Episode 012: International Dope (57:52) -- Stream | Download
Description: Pauly's girlfriend shares a lost in translation story from London. Shane tells a couple crazy tales about trying to score in Europe and in the Bahamas (including a night involving a character named Mack Daddy). Pauly talks about his first visit to the Christiania "green-light district" in Copenhagen, along with the time he was accused of being a CIA agent in Uruguay. Pauly also tells of the time he met Kate Hudson backstage at Big Day Out music festival in Australia. Dope Media includes books by Tom Davis, Geoff Dyer, and Russell Banks, and the most recent episode of SNL with Seth Rogen.

Episode 013: The 4/20 Show (49:00) -- Stream | Download
Description: Special episode to commemorate 420 Day. Half-baked festivities included sampling pre-rolled joints, vaping "Brown Sugar" shatter, and setting off the smoke detector in Pauly's office. Shane and Pauly had a brief discussion about Gimme Shelter, the documentary on the Rolling Stones and Altamont.

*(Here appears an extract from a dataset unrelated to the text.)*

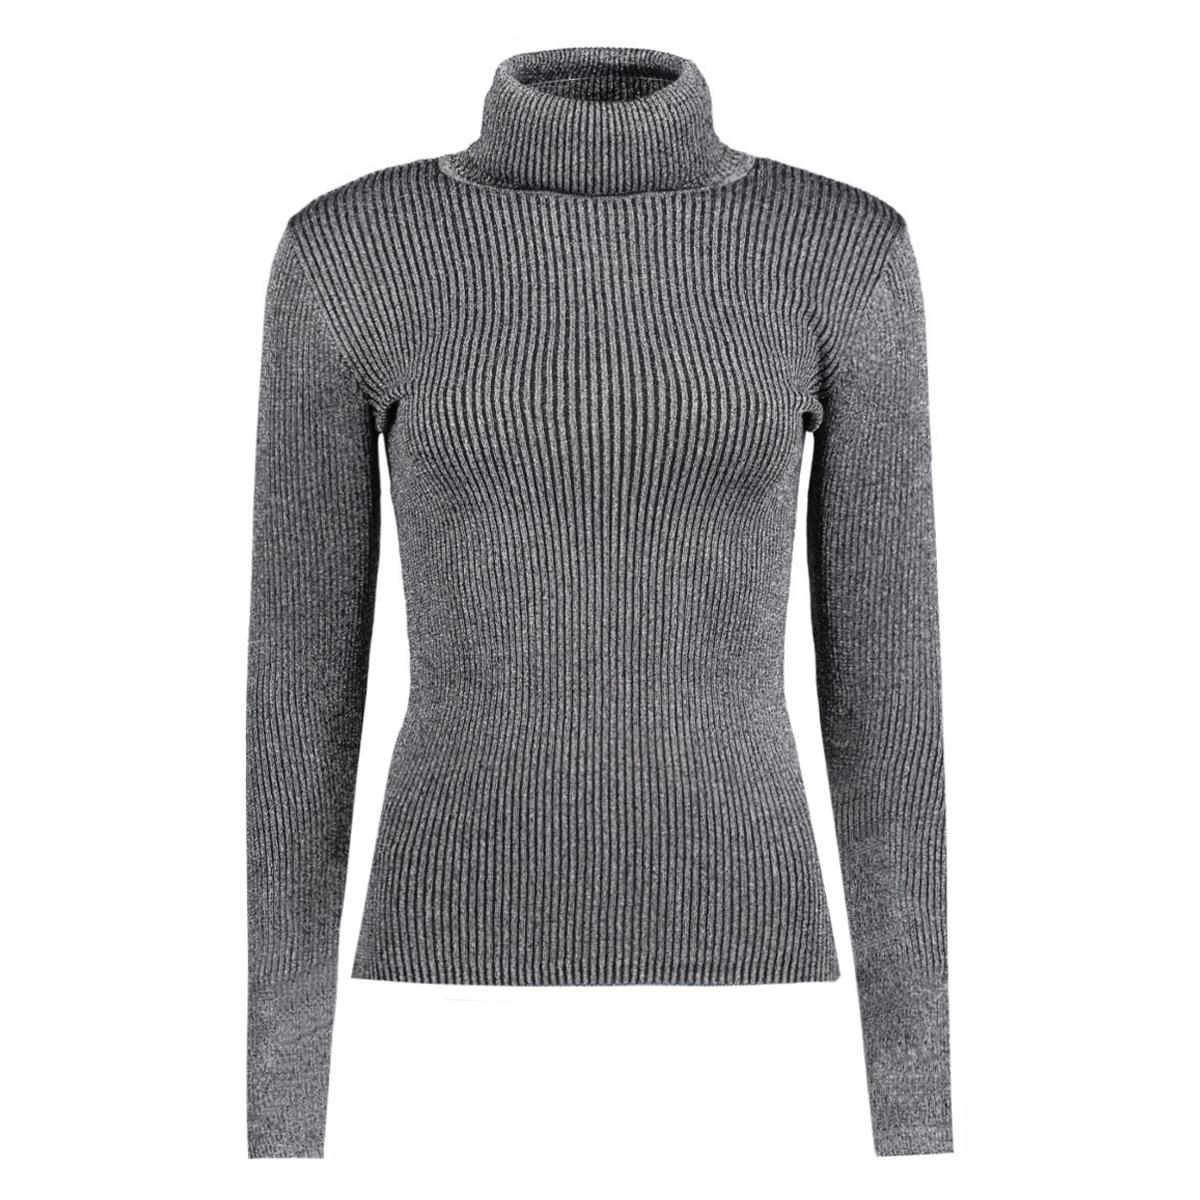 vivenna l/s rollneck knit top 14037554 vila trui black/black with

Shane told a story about losing an ounce of weed and drinking shroom tea on Easter and tripping at Roseland Ballroom. Dope Media included Dave Chappelle/Neal Brennan, What You Want Is in the Limo by Michael Walker, Don't Look Back (Bob Dylan documentary by D.A. Pennebaker), and Seven Ages of Rock documentary.

Episode 014: The Acid Test (56:45) -- Stream | Download
Description: Pauly read Acid Dreams (book by Martin A. Lee) and shared his notes with Shane that includes Timothy Leary at Millbrook, the CIA buying 100 million hits of LSD from Sandoz labs in Switzerland, Ken Kesey & the Merry Pranksters, Neal Cassady driving the Furthur bus, the history of the Acid Tests, the Grateful Dead dosing Playboy bunnies, and the time Allen Ginsberg gave Psilocybin to Theolnious Monk. Shane re-examines his initial experimentation with psychedelics (including a DMT experience on Halloween) leading up to his psychotic breakdown in Amsterdam. Dope Media included Silicon Valley (new show on HBO), Magic Trip documentary, El Viaje Misterioso de Nuestro Jomer (The Simpsons episode when Homer trips on Guatemalan insanity pepper), Bates Motel, Broad City, and Acid Dreams: The Complete Social History of LSD: the CIA, the Sixties, and Beyond.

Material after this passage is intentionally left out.